Task statement:
All lines from the one with "Deliceto Café" to the end of the data: return those exactly, and only those.
START Task inputs
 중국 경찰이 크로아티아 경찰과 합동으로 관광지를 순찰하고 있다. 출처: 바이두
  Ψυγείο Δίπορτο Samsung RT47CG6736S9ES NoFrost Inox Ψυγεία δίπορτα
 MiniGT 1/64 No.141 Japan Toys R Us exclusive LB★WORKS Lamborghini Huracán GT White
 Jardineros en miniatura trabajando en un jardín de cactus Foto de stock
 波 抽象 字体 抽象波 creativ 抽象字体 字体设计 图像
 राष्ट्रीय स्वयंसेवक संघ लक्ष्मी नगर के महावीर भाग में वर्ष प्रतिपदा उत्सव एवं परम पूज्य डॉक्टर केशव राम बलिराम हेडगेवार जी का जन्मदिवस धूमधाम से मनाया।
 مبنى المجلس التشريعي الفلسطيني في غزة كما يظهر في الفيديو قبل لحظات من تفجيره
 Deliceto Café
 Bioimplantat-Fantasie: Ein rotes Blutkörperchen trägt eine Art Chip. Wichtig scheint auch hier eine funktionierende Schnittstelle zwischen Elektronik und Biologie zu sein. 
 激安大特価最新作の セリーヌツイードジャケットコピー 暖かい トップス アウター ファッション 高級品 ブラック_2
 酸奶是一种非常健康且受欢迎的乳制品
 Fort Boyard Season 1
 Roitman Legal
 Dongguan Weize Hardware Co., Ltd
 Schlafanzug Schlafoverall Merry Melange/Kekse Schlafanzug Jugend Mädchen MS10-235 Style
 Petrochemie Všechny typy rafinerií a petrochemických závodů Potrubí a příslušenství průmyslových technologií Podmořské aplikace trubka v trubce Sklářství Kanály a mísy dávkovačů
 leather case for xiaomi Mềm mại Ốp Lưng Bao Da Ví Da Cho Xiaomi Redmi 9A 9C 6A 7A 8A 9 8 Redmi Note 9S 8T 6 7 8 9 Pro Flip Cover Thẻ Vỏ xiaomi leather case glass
END Task inputs
Output of the exercise:
 Deliceto Café
 Bioimplantat-Fantasie: Ein rotes Blutkörperchen trägt eine Art Chip. Wichtig scheint auch hier eine funktionierende Schnittstelle zwischen Elektronik und Biologie zu sein. 
 激安大特価最新作の セリーヌツイードジャケットコピー 暖かい トップス アウター ファッション 高級品 ブラック_2
 酸奶是一种非常健康且受欢迎的乳制品
 Fort Boyard Season 1
 Roitman Legal
 Dongguan Weize Hardware Co., Ltd
 Schlafanzug Schlafoverall Merry Melange/Kekse Schlafanzug Jugend Mädchen MS10-235 Style
 Petrochemie Všechny typy rafinerií a petrochemických závodů Potrubí a příslušenství průmyslových technologií Podmořské aplikace trubka v trubce Sklářství Kanály a mísy dávkovačů
 leather case for xiaomi Mềm mại Ốp Lưng Bao Da Ví Da Cho Xiaomi Redmi 9A 9C 6A 7A 8A 9 8 Redmi Note 9S 8T 6 7 8 9 Pro Flip Cover Thẻ Vỏ xiaomi leather case glass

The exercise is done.